Write monthly new-vs-returning requests SQL
Company: Thumbtack
Role: Data Scientist
Category: Data Manipulation (SQL/Python)
Difficulty: Medium
Interview Round: Onsite
Given the schema and sample data below, write a single PostgreSQL query (no dynamic SQL) that returns, for every calendar month present in requests, the counts and shares of requests from NEW vs RETURNING users. Definitions: A user's FIRST_REQUEST_MONTH is date_trunc('month', MIN(request_ts)) over all their requests. A request is NEW if date_trunc('month', request_ts) = FIRST_REQUEST_MONTH for that user; otherwise it is RETURNING. Output columns: month (YYYY-MM), new_request_count, returning_request_count, new_share_pct (0–100 with two decimals), returning_share_pct. Requirements: (1) Include months even if one class has zero; (2) Avoid double counting; (3) Treat timestamps as UTC; (4) Do not assume contiguous months; (5) Be robust if a user exists in users but has no requests (they should not appear unless the month has requests from someone); (6) Order by month ascending. Also, show what your query would output on the sample data to verify understanding.
Schema:
users(user_id INT PRIMARY KEY, signup_dt DATE)
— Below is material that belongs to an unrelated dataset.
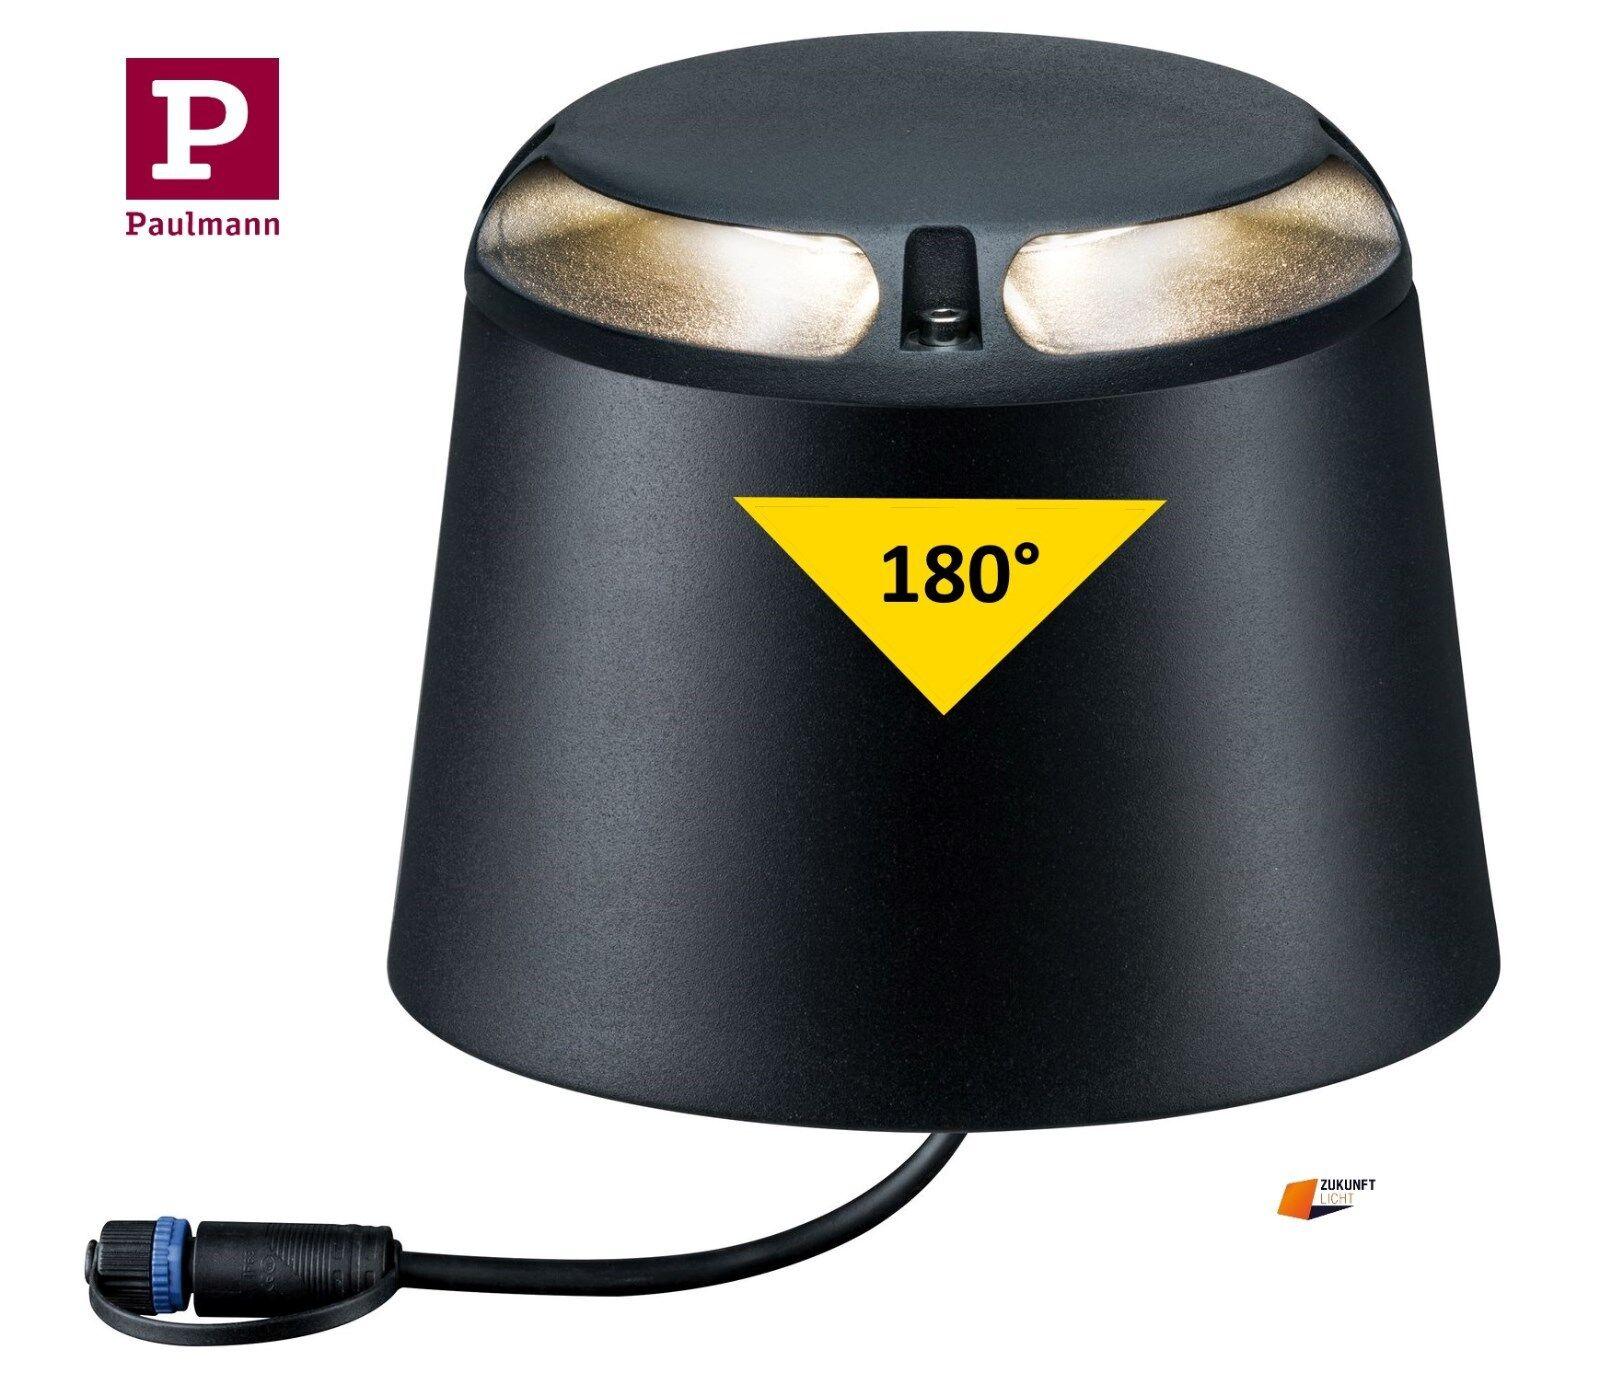 Paulmann Plug&Shine Plug&Shine Plug&Shine Aussen 24V LED Lichtsystem für gehobene Ansprüche im Garten bd745c

requests(request_id INT PRIMARY KEY, user_id INT REFERENCES users(user_id), request_ts TIMESTAMP NOT NULL)
Sample tables:
users
+---------+------------+
| user_id | signup_dt |
+---------+------------+
| 1 | 2025-01-10 |
| 2 | 2025-01-20 |
| 3 | 2025-02-02 |
| 4 | 2025-02-25 |
+---------+------------+
requests
+------------+---------+---------------------+
| request_id | user_id | request_ts |
+------------+---------+---------------------+
| 101 | 1 | 2025-01-11 08:00:00 |
| 102 | 1 | 2025-02-01 10:00:00 |
| 103 | 2 | 2025-01-25 12:00:00 |
| 104 | 2 | 2025-02-15 09:00:00 |
| 105 | 3 | 2025-02-10 14:00:00 |
| 106 | 3 | 2025-02-28 16:00:00 |
| 107 | 1 | 2025-03-05 11:00:00 |
| 108 | 4 | 2025-03-01 07:30:00 |
+------------+---------+---------------------+
Quick Answer: This question evaluates a candidate's ability to perform time-based SQL aggregation and classification, covering window functions to compute each user's first request month, conditional counts for NEW vs RETURNING requests, percentage formatting, and correct handling of UTC timestamps and edge cases.